## [INPUT DATA]
★ ★ ★ ★ ★
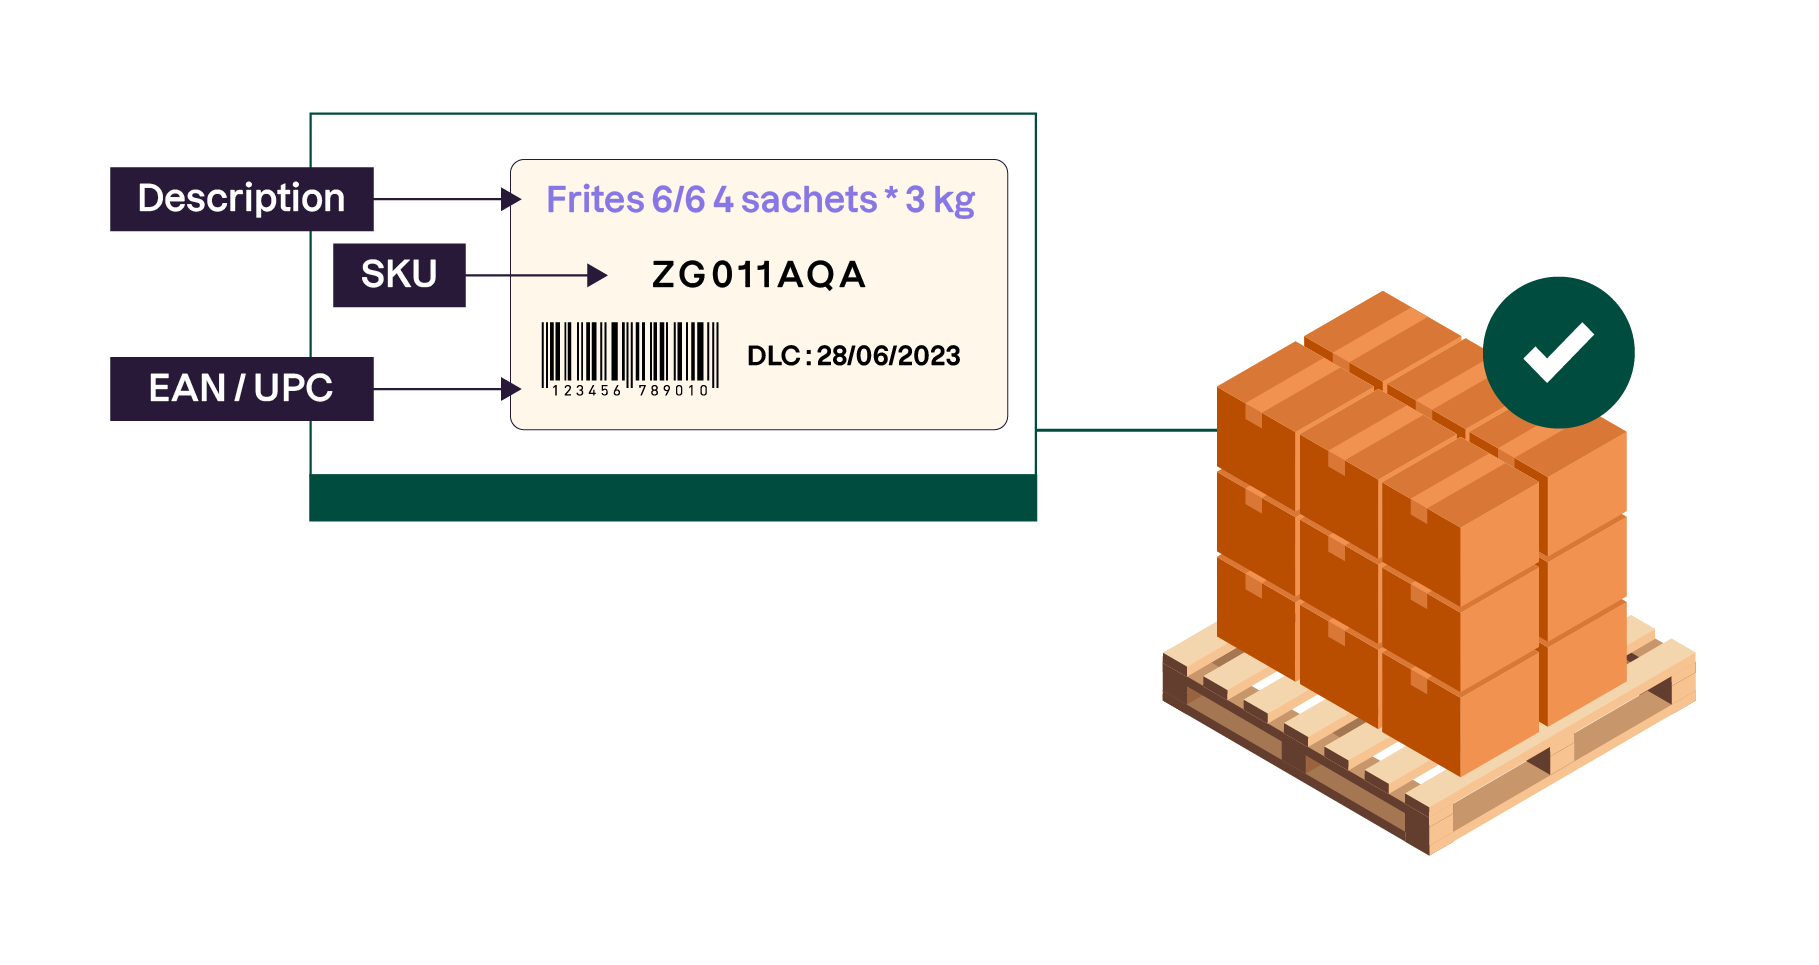 L'étiquette contient une description de la marchandise, son SKU et son EAN/UPC.
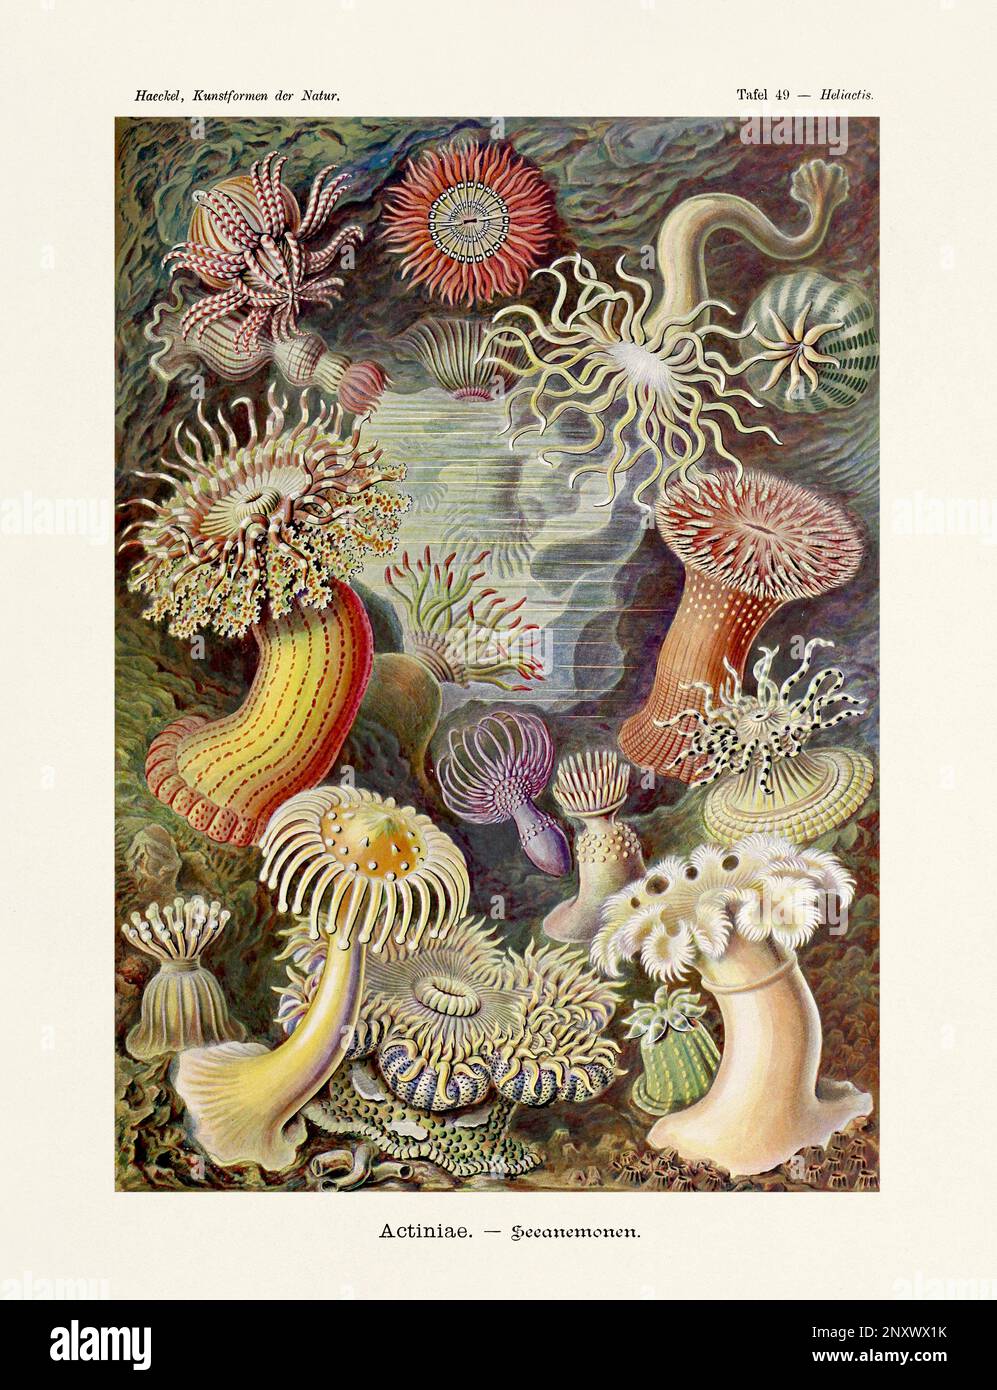 ERNST HAECKEL ART - Aktinien, Seeanemonen - 19. Jahrhundert - Antike zoologische Illustration - Illustrationen des Buches : "Kunstformen in der Natur" Stockfoto
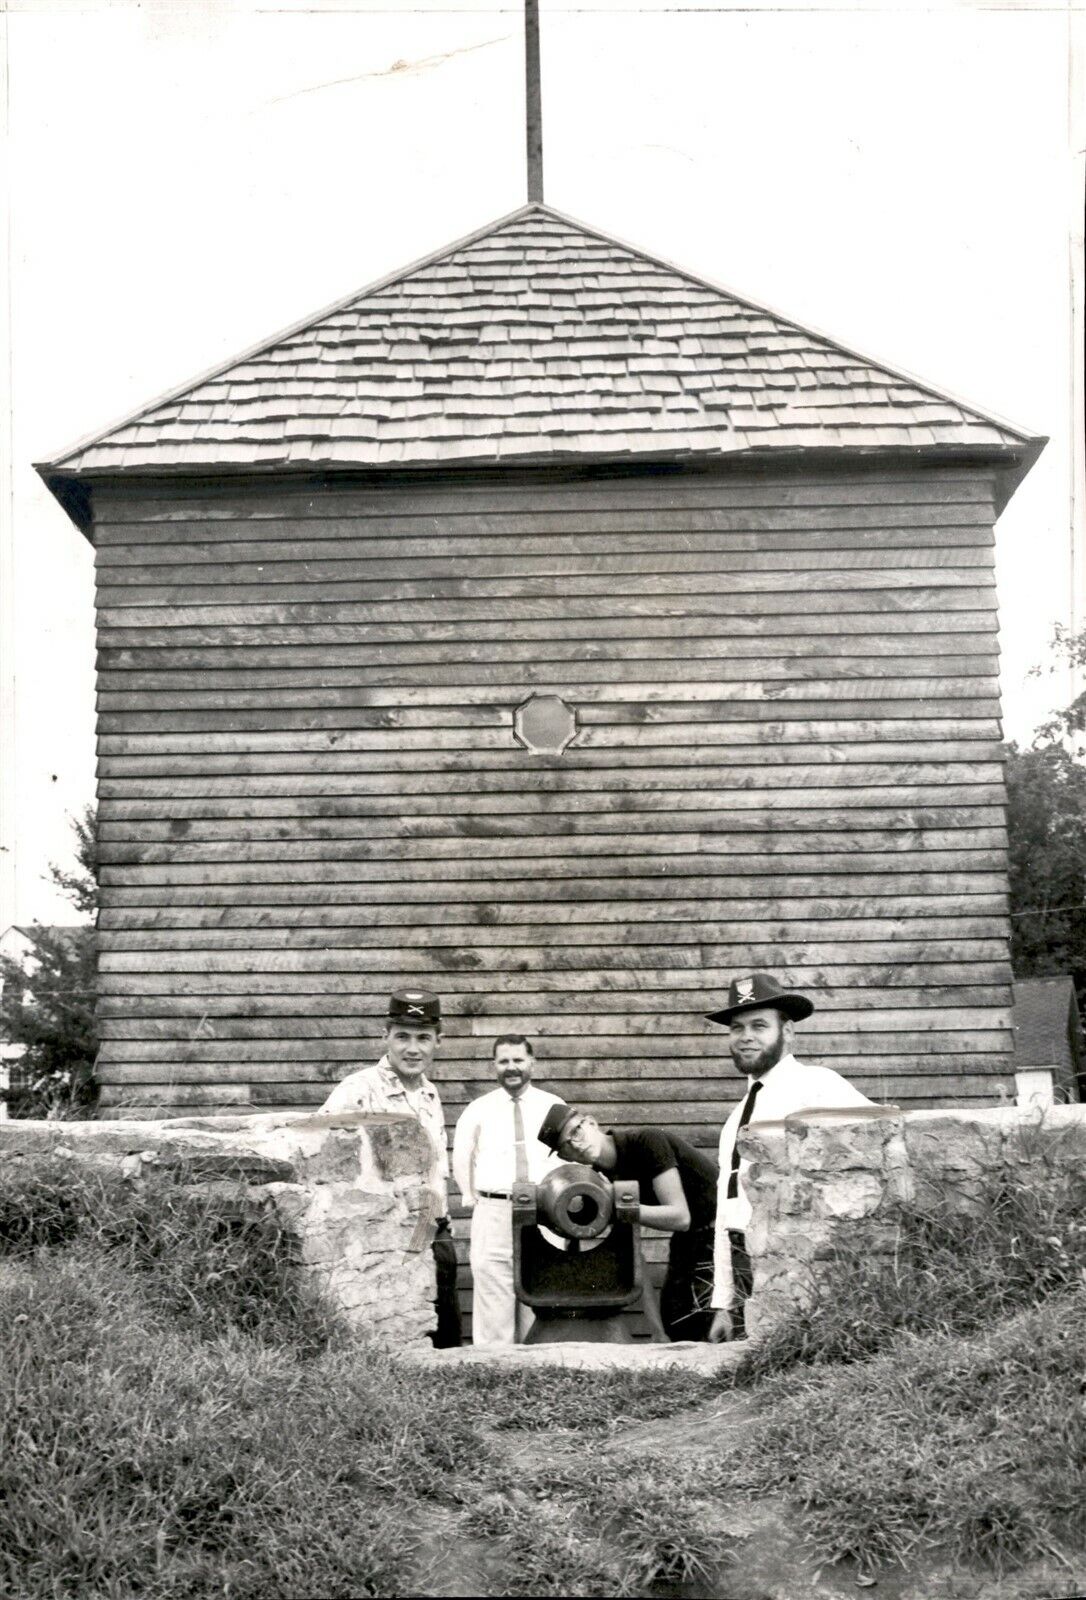 LG922 1959 Original Photo RESTORED BLOCKHOUSE Fort Blair Civil War Reenactment
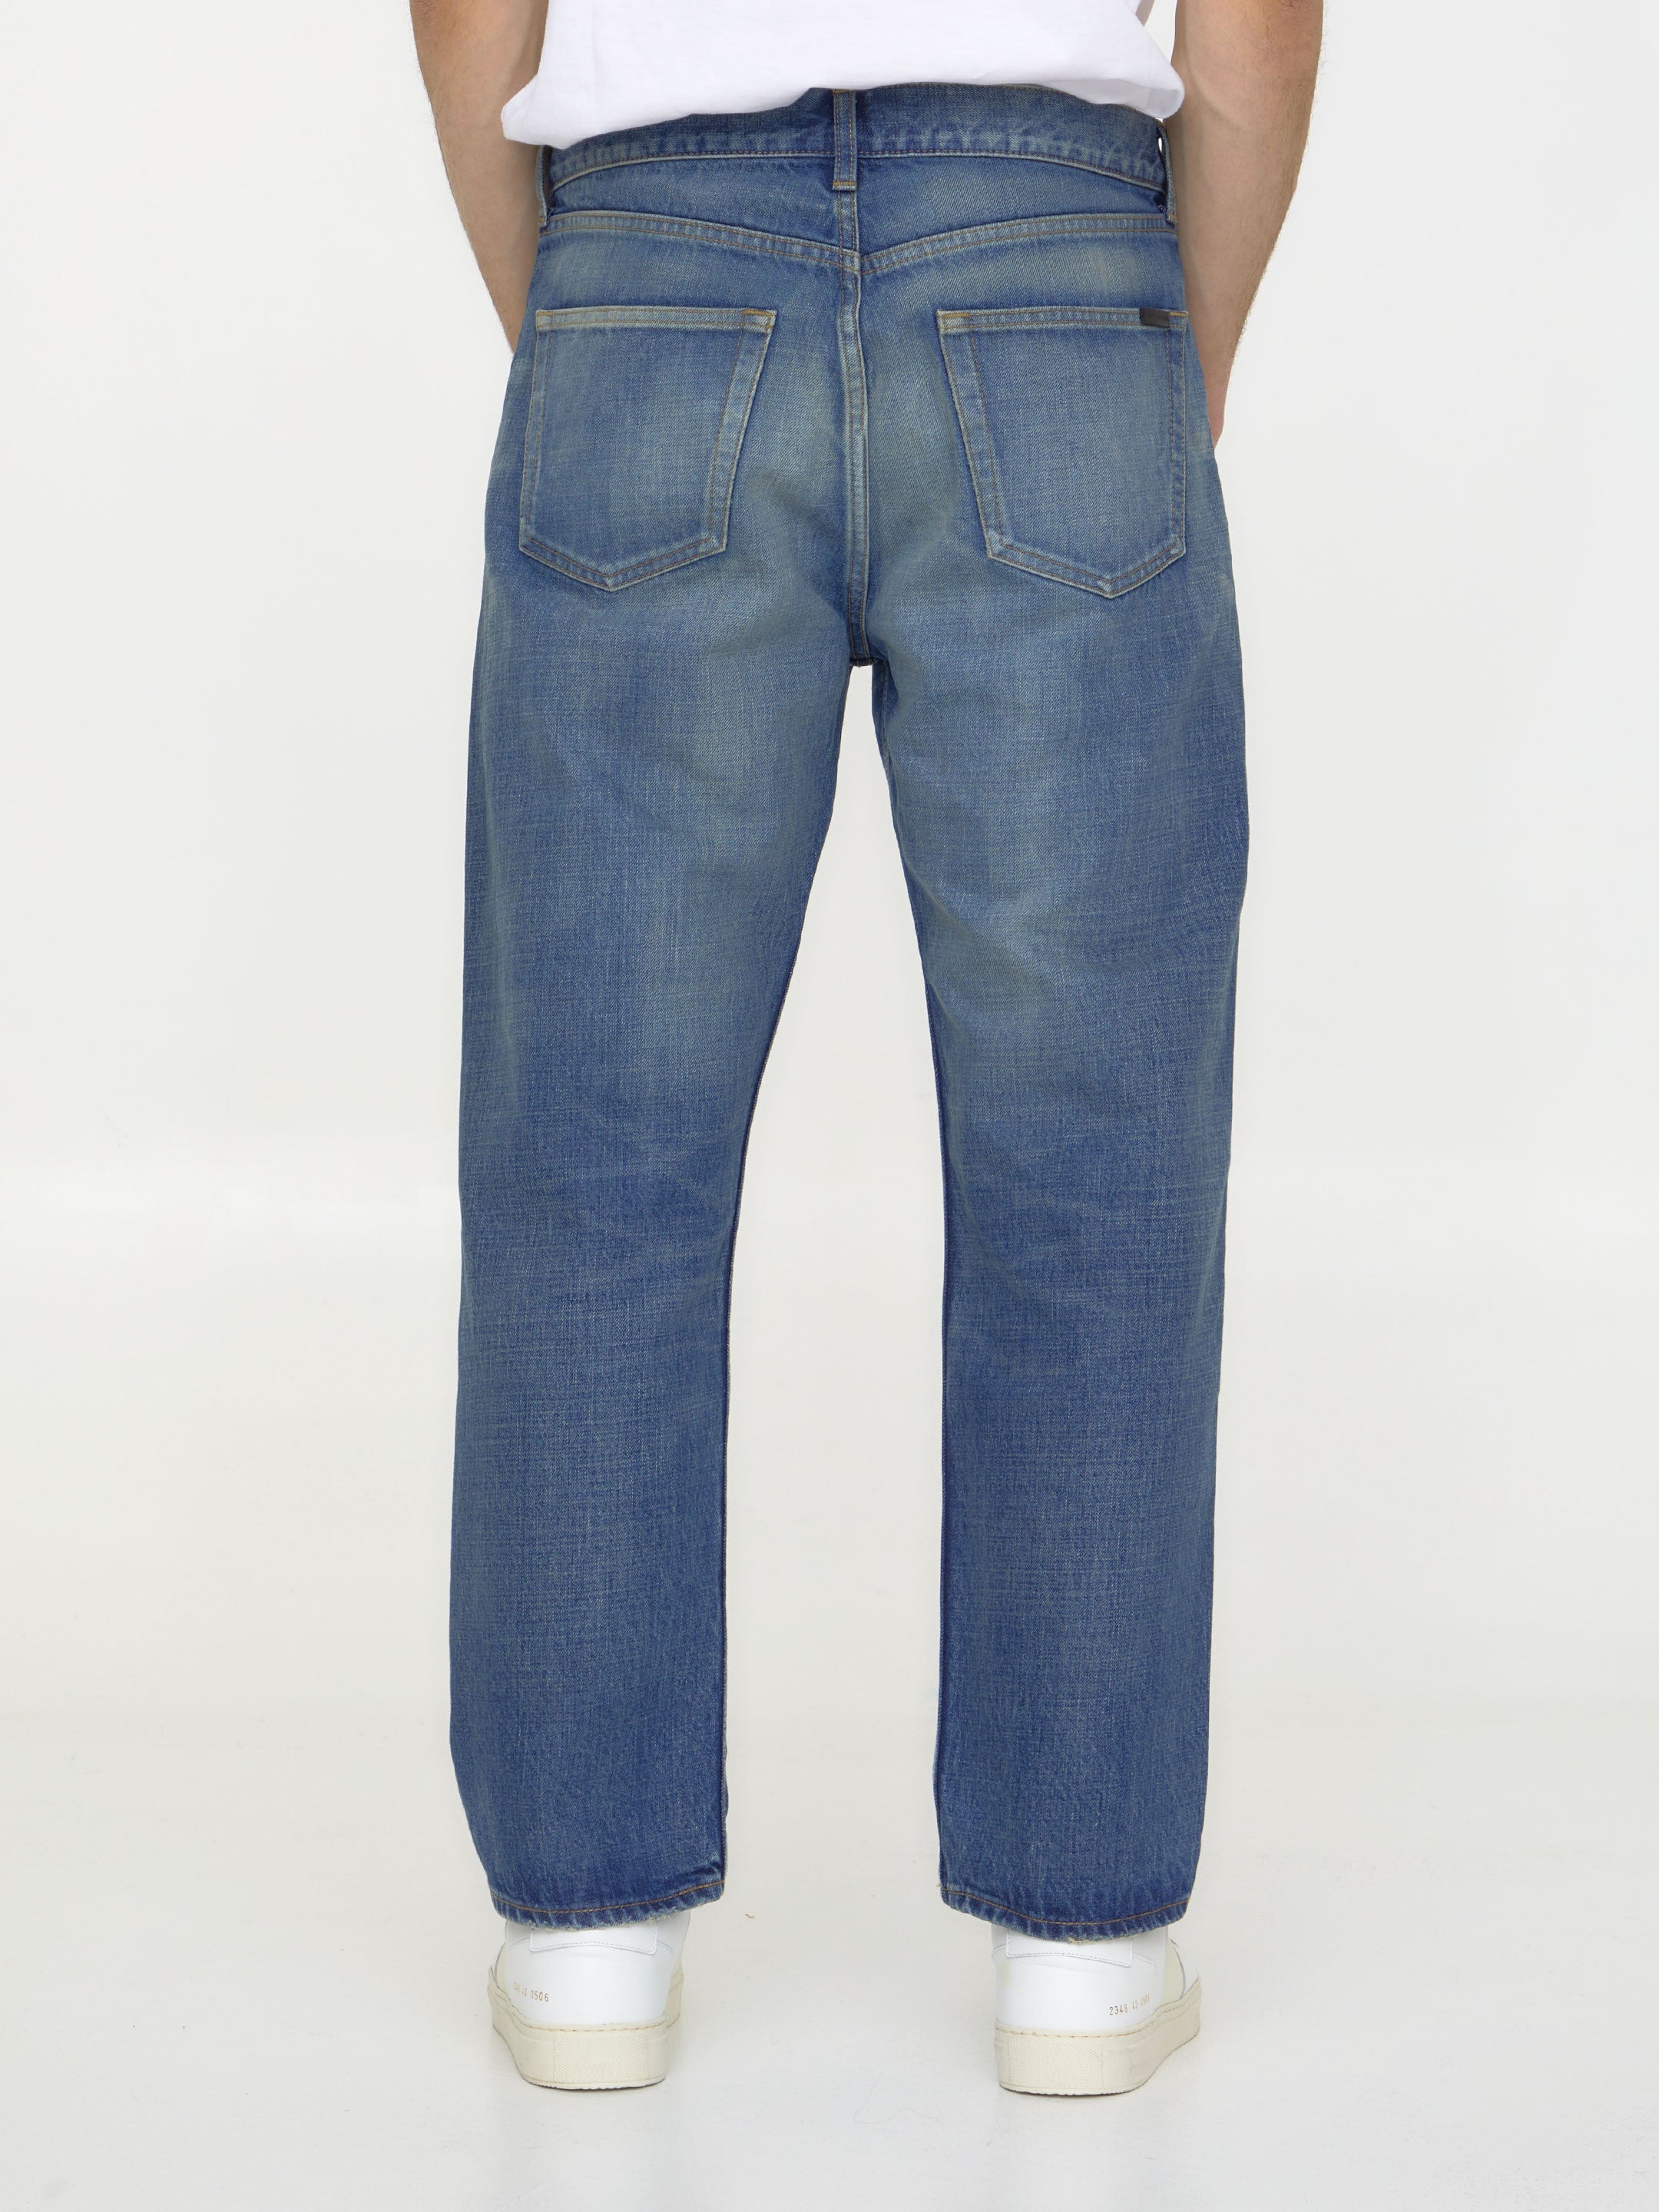 SAINT-LAURENT-OUTLET-SALE-Blue-denim-jeans-Jeans-ARCHIVE-COLLECTION-4.jpg
★ ★ ★ ★ ★
## [WHAT TO PRODUCE]
Please copy out from the data above, without any picture, exactly the lines running from the one that holds "ERNST HAECKEL ART" through the one that holds "LG922 1959 Original", and nothing beyond them.

## [THE ANSWER]
 ERNST HAECKEL ART - Aktinien, Seeanemonen - 19. Jahrhundert - Antike zoologische Illustration - Illustrationen des Buches : "Kunstformen in der Natur" Stockfoto
 LG922 1959 Original Photo RESTORED BLOCKHOUSE Fort Blair Civil War Reenactment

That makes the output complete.